It's been a while since I dusted off the old Tidbits columns, so I figured it was time for some random thoughts about the Canes and the NHL. Usually these are stat-driven, but this time around I'm going more for the Larry King/USA Today scattered random thoughts approach.

• Lindy Ruff and Barry Trotz, the NHL's two longest-tenured head coaches, both got Round 1 boots from the postseason. Nashville now has five first-round exits under Trotz — the only coach in team history — and has never even forced a Game 7. Ruff took the Sabres to the Finals in 1999 and three other Eastern Conference Finals, but Buffalo's poor showing against Marc Savard-less Boston in the first round makes you wonder if it's time for a change. A solution? Both guys deserve a head coaching gig — maybe they should swap jobs for a year, just to change it up.

• Best I can tell, no player ever drafted by the Hurricanes has won a Stanley Cup unless they were on the 2006 team in Raleigh. With Jack Johnson and the Kings ousted already, that leaves Chicago's Andrew Ladd and San Jose's Nic Wallin as the only two remaining with a chance to break this unique curse.
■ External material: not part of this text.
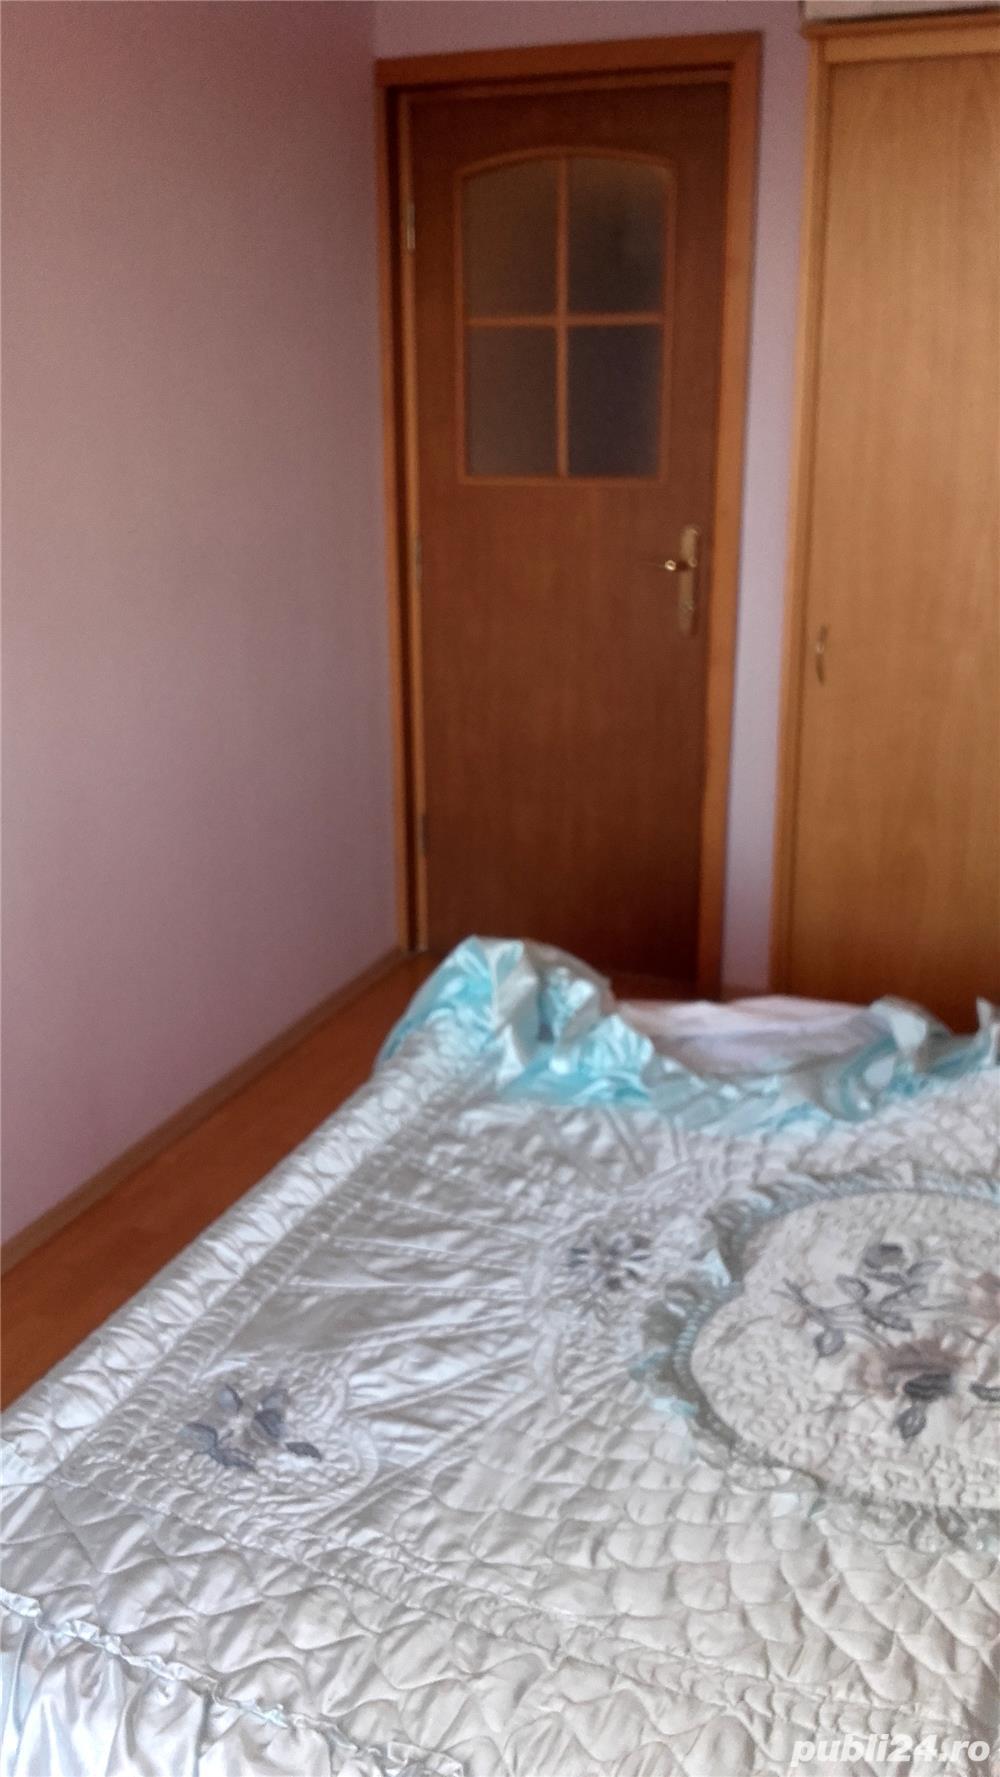 Vand apartament 4 camere, Bucuresti, sector 4 , Berceni, zona Aparatorii Patriei - Oltenitei

• I keep reading articles about all of the prospects that could see time in Carolina next season, but why is no one mentioning Nick Dodge? The 2006 sixth-rounder has been a valuable all-situations center for Jeff Daniels in Albany and his four goals are tied for the most with the Rats through seven postseason games. With Rod Brind`Amour's future in doubt, the Canes could be looking for two centers this offseason. Let's say Zac Dalpe or a free agent fills the No. 3 centerman's job: wouldn't Dodge — a standout in his own end, on faceoffs and, as Daniels told me back in February, "steady, very professional and low maintenance" — make more sense at fourth-line center than playing Patrick Dwyer out of position? It's at least worth considering, I'd say.

• The cupboards seem pretty full in net right now, with Cam Ward locked in as the No. 1, Justin Peters set as the backup or top guy in the AHL, and Mike Murphy entering his second season. Throw in upcoming RFA Justin Pogge, who was acquired as part of the deadline trade that sent Aaron Ward to Anaheim, and the net seems stocked from top to bottom. But with Peters the frontrunner as Carolina's new backup and Murphy and Pogge — if the team keeps him — locked in a battle for the top job with the Checkers in 2010-11, the Canes need to add young depth in goal. Expect Carolina to use a draft pick, even if it's a very late one, on a goaltender.

• If Alex Ovechkin and the Caps fall flat tonight and lose to Montreal, will there be major questions about whether or not the Washington captain can win big games? His last two big ones have been flops: last year's Game 7 embarrassment (6-2) to the Pens, followed by Russia bowing out of the Olympics in weak fashion, 7-3, to Canada. Yes, Mike Green and Alexander Semin have shrunk from the spotlight this postseason, but Ovechkin is the captain and face of the team, and he needs this win badly. At least chief rival Sidney Crosby won't be on the other bench like the last two.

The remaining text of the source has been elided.